# feeders



## LG0815 (Aug 1, 2007)

hi i was wondering what kind of fish that was easy to breed can be put in a 10 gallon for my oscar i have a spare 10 gallon and want to breed my own feeder fish

could i put java moss and just let guppies breed

i dont really wont to mess with the babies


----------



## clgkag (Mar 22, 2008)

lot of people do mollys too.


----------



## lloyd (Aug 24, 2005)

you will need a facility, much larger than one 10 gallon tank, to supply enough feeders for a predator fish. even if your oscar is still a juvenile, it could empty a stocked 10 gallon tank of all guppies/mollies, in less time than it takes to net them. :lol:


----------



## mok3t (Nov 28, 2008)

Similar discussion going on in my thread which can be found HERE


----------



## LG0815 (Aug 1, 2007)

please rspond


----------



## Joels fish (Nov 17, 2007)

a couple of tanks set up for convicts could do the trick. They are so prolific that while you couldn't feed every day you could easily have a steady supply with a minimal effort.


----------



## Maddog (Nov 7, 2008)

i;ve bred convicts in a 10 gallon, it;s super easy, add water, convicts.... and babies arrive


----------



## Manoah Marton (Feb 17, 2009)

Convict in a 10!!! No way. 20 gallon long is a min.!


----------



## josmoloco (Aug 23, 2008)

You can breed conicts in a ten no problem. When they get too big, feed them to the oscar and get a new pair or breed some of the original pair's ofspring.Manoah, have you ever tried breeding convicts in a ten?

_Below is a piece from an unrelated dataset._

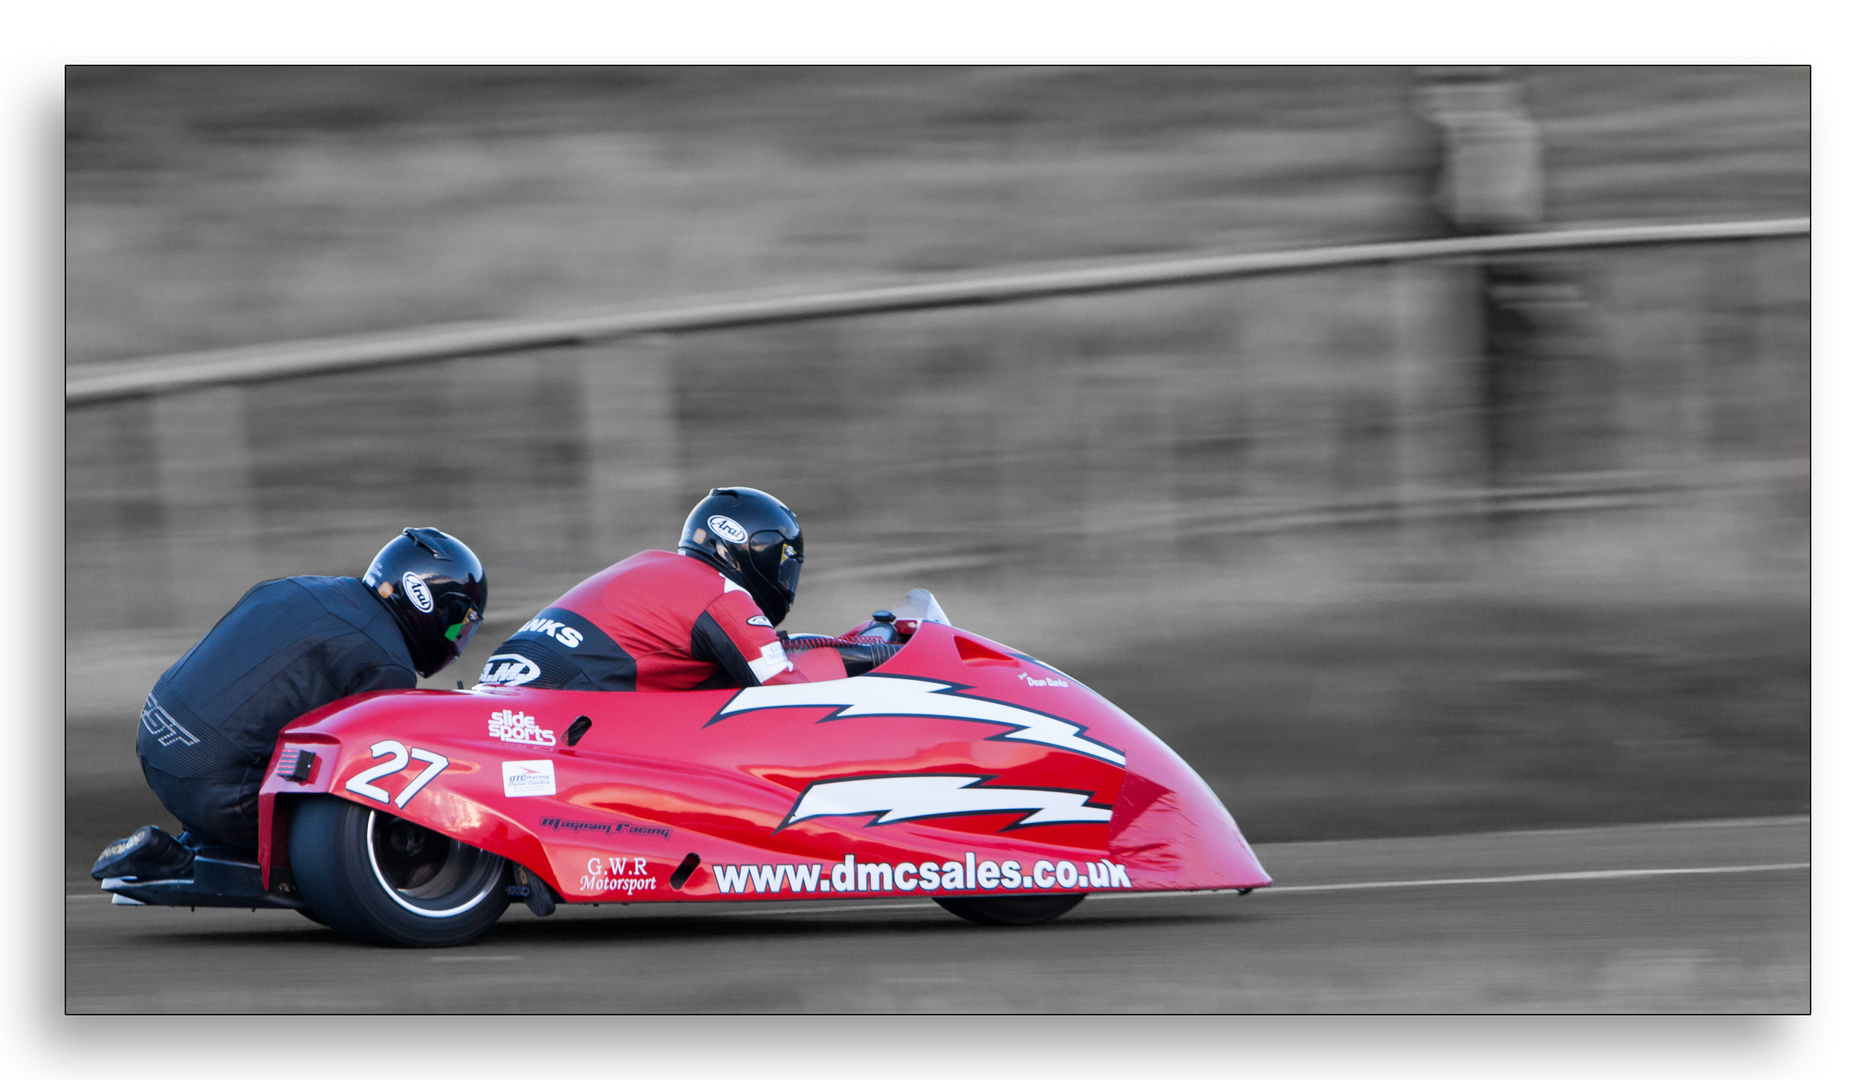 Isle of Man TT 2013

Or are you just speaking on what you have heard for housing adult cons?FYI... guppies,platies and mollies are a wast of time for feeder purposes.


----------



## muffinman51432 (Mar 9, 2009)

My father (accidently) bread convicts in a 10,its very doable as the fish were no bigger than 2" when they spawned!


----------



## Maddog (Nov 7, 2008)

yeah, i bougth a pair of cons, had eggs 2 weeks later in a 10 gallon.

cons can breed very small size and produce lots of fry


----------